The Skyhawk lingered several more decades in U.S. military service. The Marine Corps was reluctant to part with the reliable ground-support plane. It acquired an advanced A-4M model capable with more powerful engines, extra cannon ammunition, and the hardware to sling early Maverick missiles and laser-guided bombs. These remained active until they were replaced by Harrier jump jets in the 1980s. The Blue Angels acrobatics team also flew used the agile aircraft from 1974 to 1986, replacing much faster but clumsier F-4 Phantoms.

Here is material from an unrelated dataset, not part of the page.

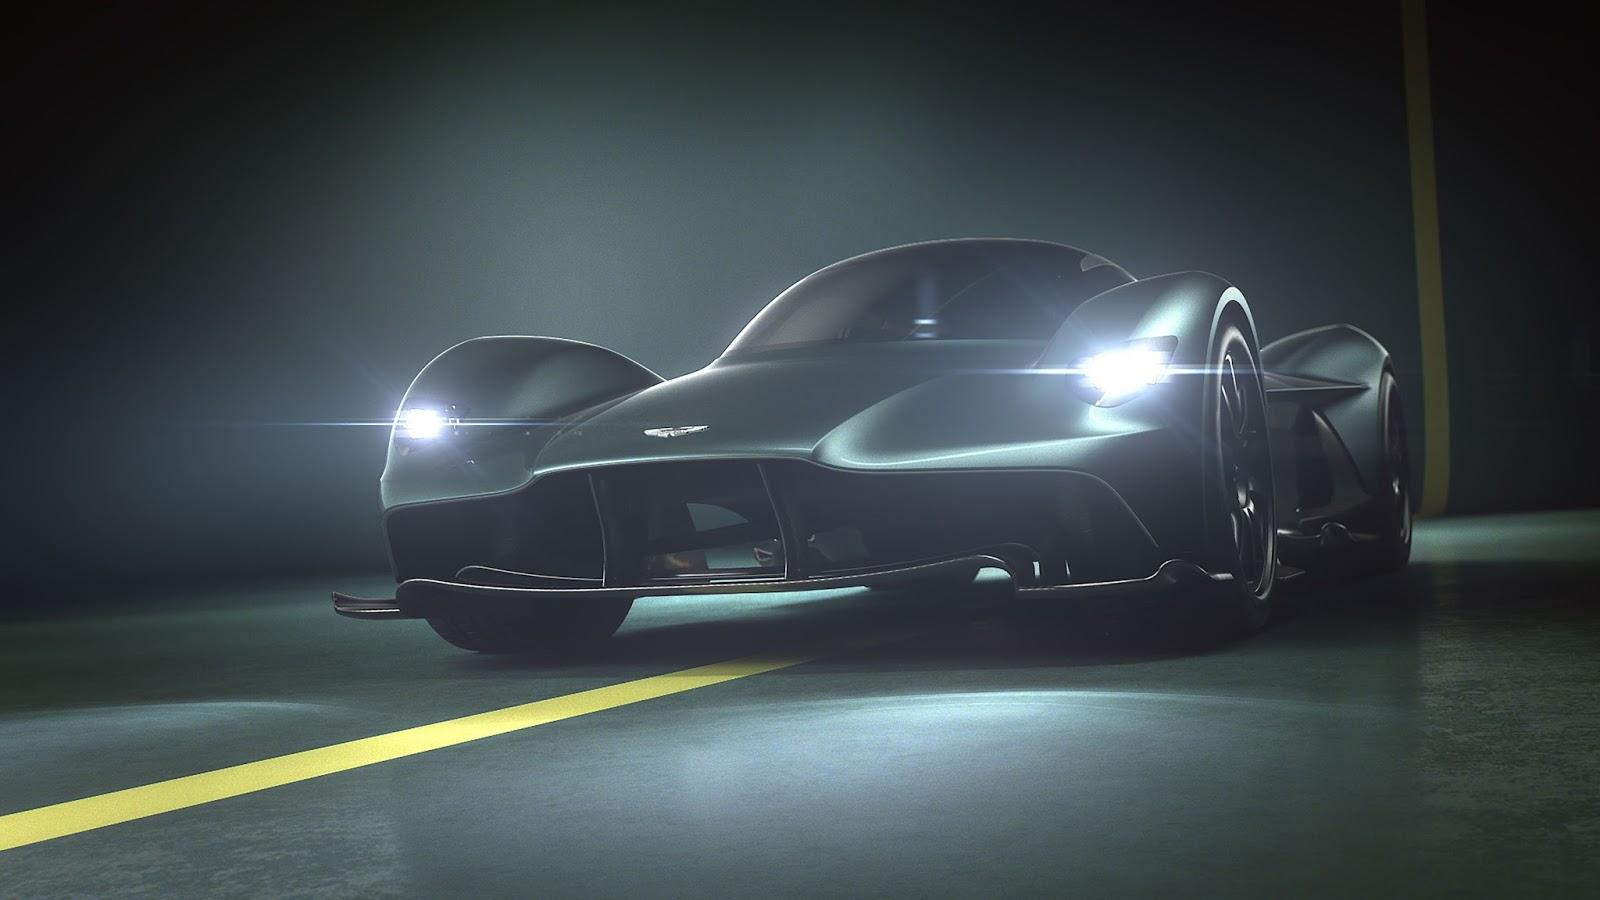 aston martin valkyrie01 Γνώρισε τη Θεά Aston Martin Valkyrie! Aston Martin, Aston Martin Valkyrie, Hybrid, hypercar, Limited edition, Red Bull, supercars
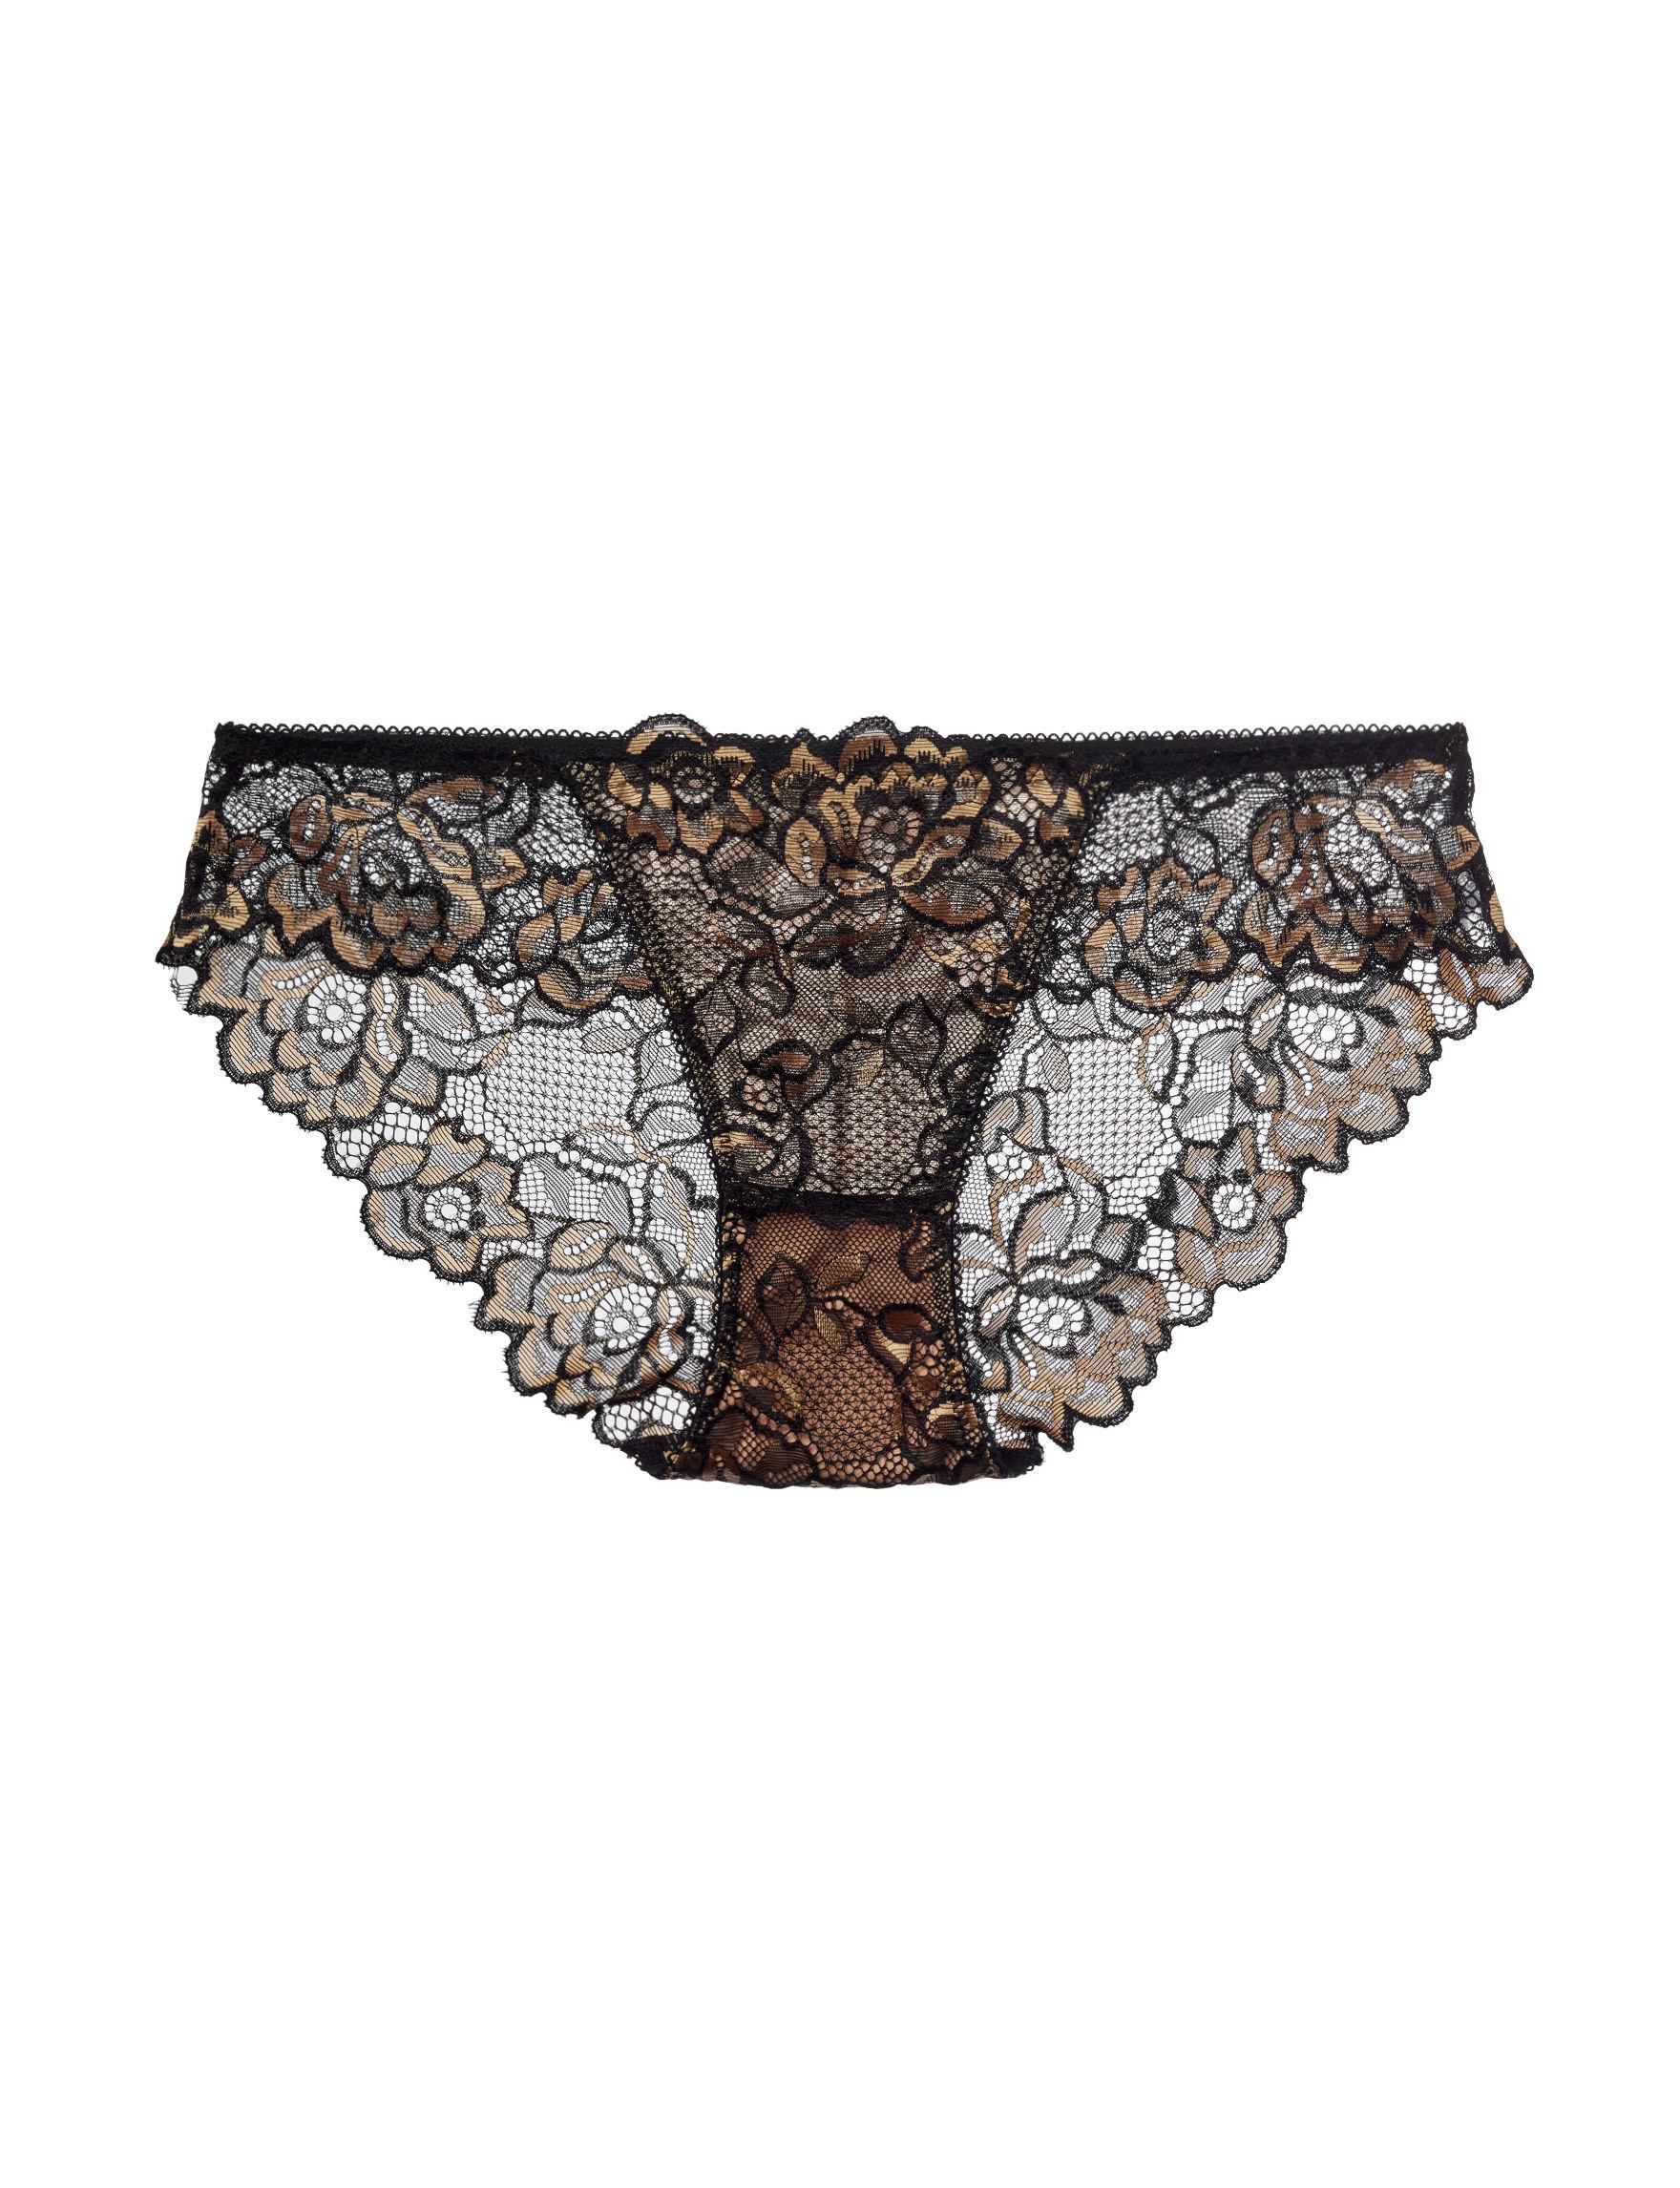 Rene Rofe Black Panties Bikini

The Skyhawk also remained a favorite “aggressor” plane in U.S. Navy training exercises because it ironically boasted similar speed and agility to its chief historical foe, the MiG-17. As such, it became a valuable training foil at the Top Gun school, teaching Phantom and Tomcat pilots how to deal with slower but more maneuverable opponents. Combined with its reliability, simplicity and low operating costs—only $3,000 per flight hour compared to $42,000 for an F-15—the Skyhawk remained popular as a trainer well into the 1990s. Several Skyhawks continued to be flown by private firms in the role of military trainers today.
Eagle of the Middle East
As the Vietnam War raged, so did the Arab-Israeli conflicts. The Skyhawk, as usual, was at the forefront of the action. Ninety A-4s—known as in Hebrew as the Ayit, or Eagle—entered the service of the Israeli Air Force in 1967. These were modified into the A-4H variant, which can be distinguished by their a longer-tail pipes—a measure designed to lower the Skyhawk’s infrared signature in the face of heat-seeking missiles. The A-4H also had uprated J52 engines and much harder-hitting thirty-millimeter ADEN cannons, as the Israelis placed greater value in strafing runs. In 1973 superior A-4Ms were also purchased and reconfigured to Israeli standards as the A-4N.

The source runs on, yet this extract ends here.